David Leonhardt, a premium New York Times columnist who tries very hard to be reasonable, says “The Green New Deal is not a good piece of policy. But I’m glad it exists…. because climate change and the stagnation of mass living standards are both defining challenges for this country…. The plan doesn’t ask what is politically possible today. It asks what needs to be done and tries to change the definition of politically possible. ‘Climate change is an unprecedented emergency that requires unprecedented action,’ Michael Grunwald writes in Politico, ‘so America needs to try to do seemingly impossible things.’ The Green New Deal rightly rejects the choice between helping American workers and taking on climate change…. By focusing on the terrifying state of the climate, the plan will likely nudge other Democrats toward their own ambitious climate proposals.” Thus “[f]or all its flaws… the Green New Deal is a useful call to action.”

Other Democrats say don’t fixate on the details, there’s lots more where that came from. Including, evidently, Ocasio-Cortez herself, who has been trying hard though unsuccessfully to distance herself from a very embarrassing FAQ about the Green New Deal emitted by, of all outfits, her own office. And an especially troubling critique by Nicolas Loris on The Daily Signal says that if the U.S. did implement the Green New Deal the one thing it would not to is change the global climate; even using the alarmists’ models, a complete cessation of US CO2 emissions by 2030 would reduce the temperature increase by 2100 by 0.137 degrees. (And if every industrialized nation did the same, 0.278 degrees.)

Are there so few left in the Democratic party or among climate alarmists willing to say bluntly, with Rex Murphy, that nonsense is nonsense no matter how totally much you care about the planet?
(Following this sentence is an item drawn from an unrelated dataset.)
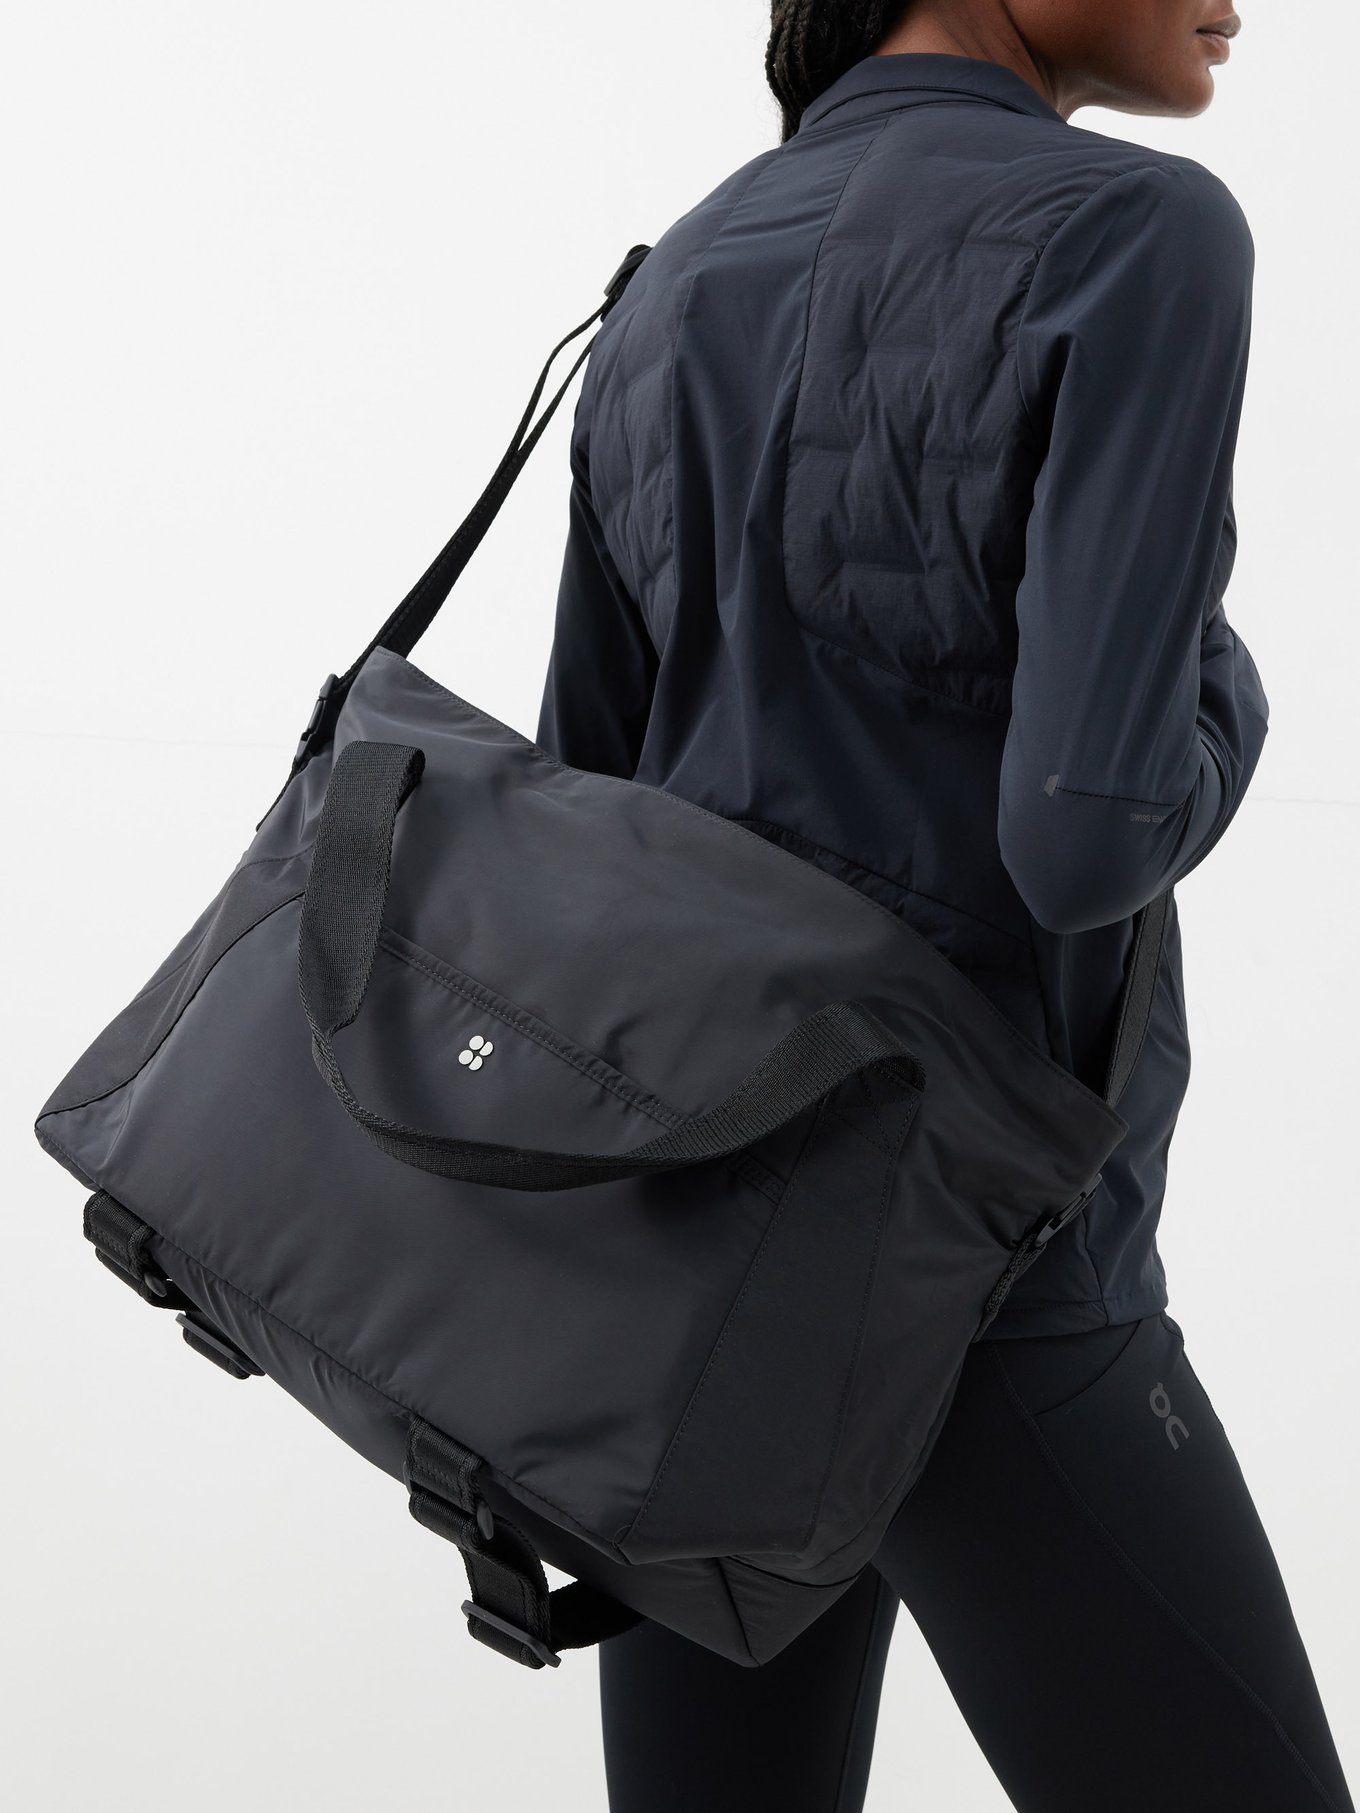 Lululemon Essential Yoga Mat Carrier w/ Straps & Detachable Blk Nylon  Pouch Bag

3 comments on “Green baloney”

  1. Some people see things the way they are, and ask why? Occasional-Cortex imagines the way things couldn't be, and asks why not?

  2. We could ground the planes for everyone but the politicians - they, of course, have to fly to get their job done and make progress.
    Their needs are important - nothing like the situation for the rest of us.
    How did I not see this before ... silly me.